4. Because I never seem to have enough time to plan my holidays as well as I would like I never seem to find out about a local event until I return from the holiday.  Personalised emails could be used to let holiday goers know what is happening before they actually arrive at their holiday destination.

5. I am increasingly seeing examples of shopping cart recovery emails (an email to tell a recipient they have left a product in their shopping cart) but what about adding a second cycle to these messages.  For instance if the recipient still hasn’t purchased 48 hours later, send an email to let them know how they can get help with their order or reminding them of the benefits of your service?

6. Moving away from campaign ideas, perhaps you could find out exactly what system your recipients receive their email messages on i.e. Outlook 2003.  This information could then be used to tailor your content accordingly, for example sending video content just to those people where you know it will work correctly.

7. Local government or utility providers could give each customer their own email address (housenumber@streetname.com).  This could remain with the property and ensures you always have the correct email address for the property.
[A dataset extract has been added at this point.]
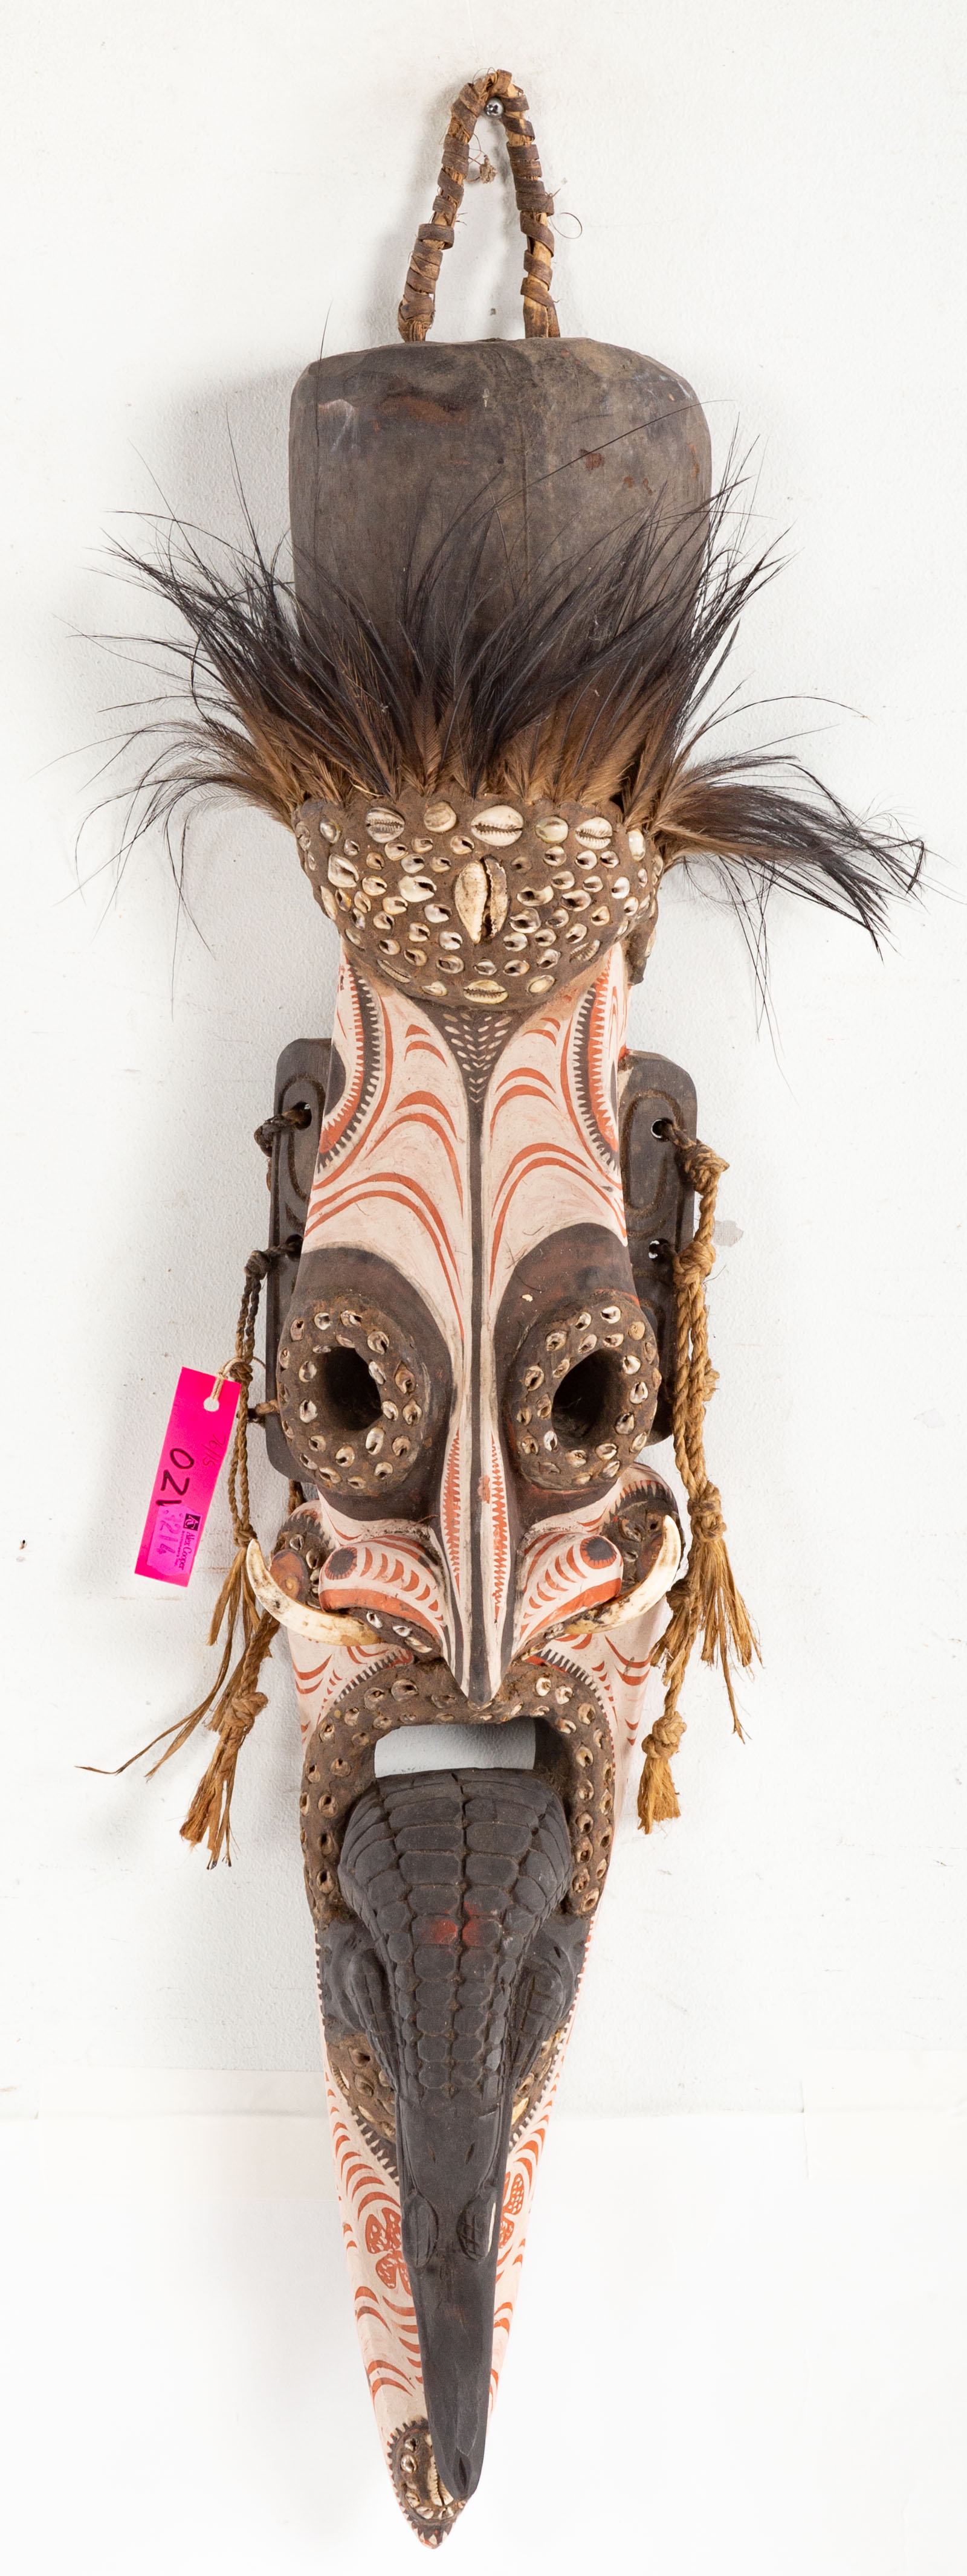 NEW GUINEA CARVED MASK Carved and 2e959f
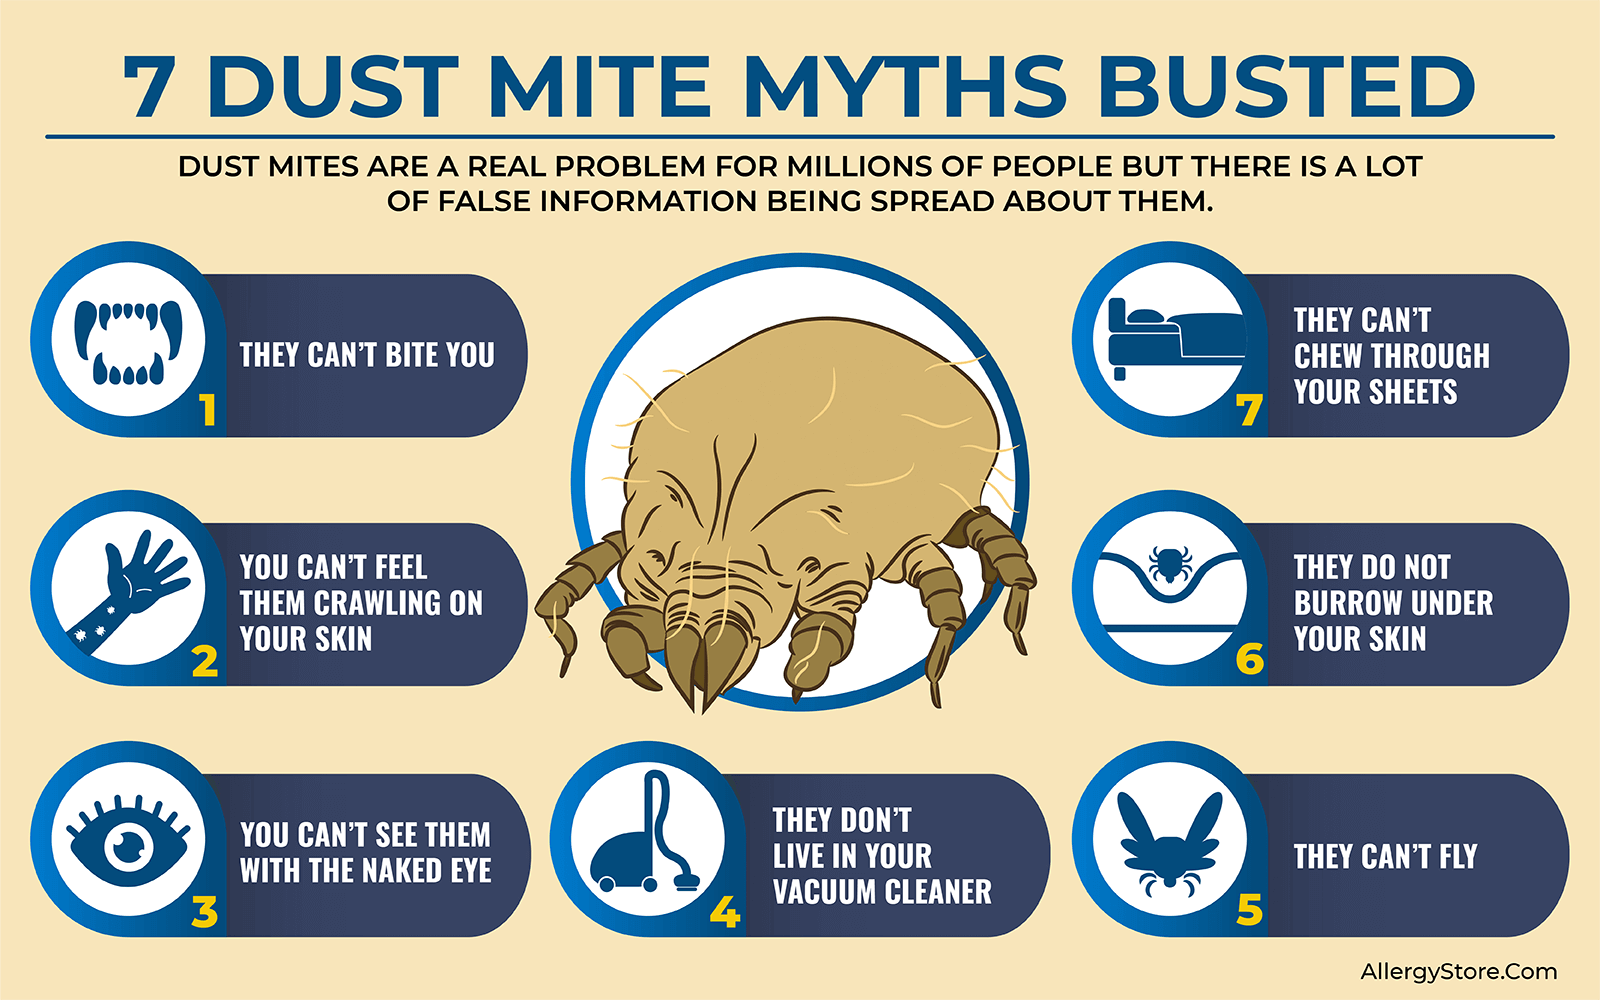 7 Dust Mite Myths Busted  We Need to Set the Record Straight.

8. In the B2B sector you could ask your subscribers to create a folder just to put your businesses emails into (and provide instructions on how to ensure your messages filter into the folder).  In this way your company name and industry expertise will be easy to find whenever your customer or prospects need it.

Hopefully my eight “ideas” above will have given you some food for thought.  What innovations are you planning on adding to your email program this year?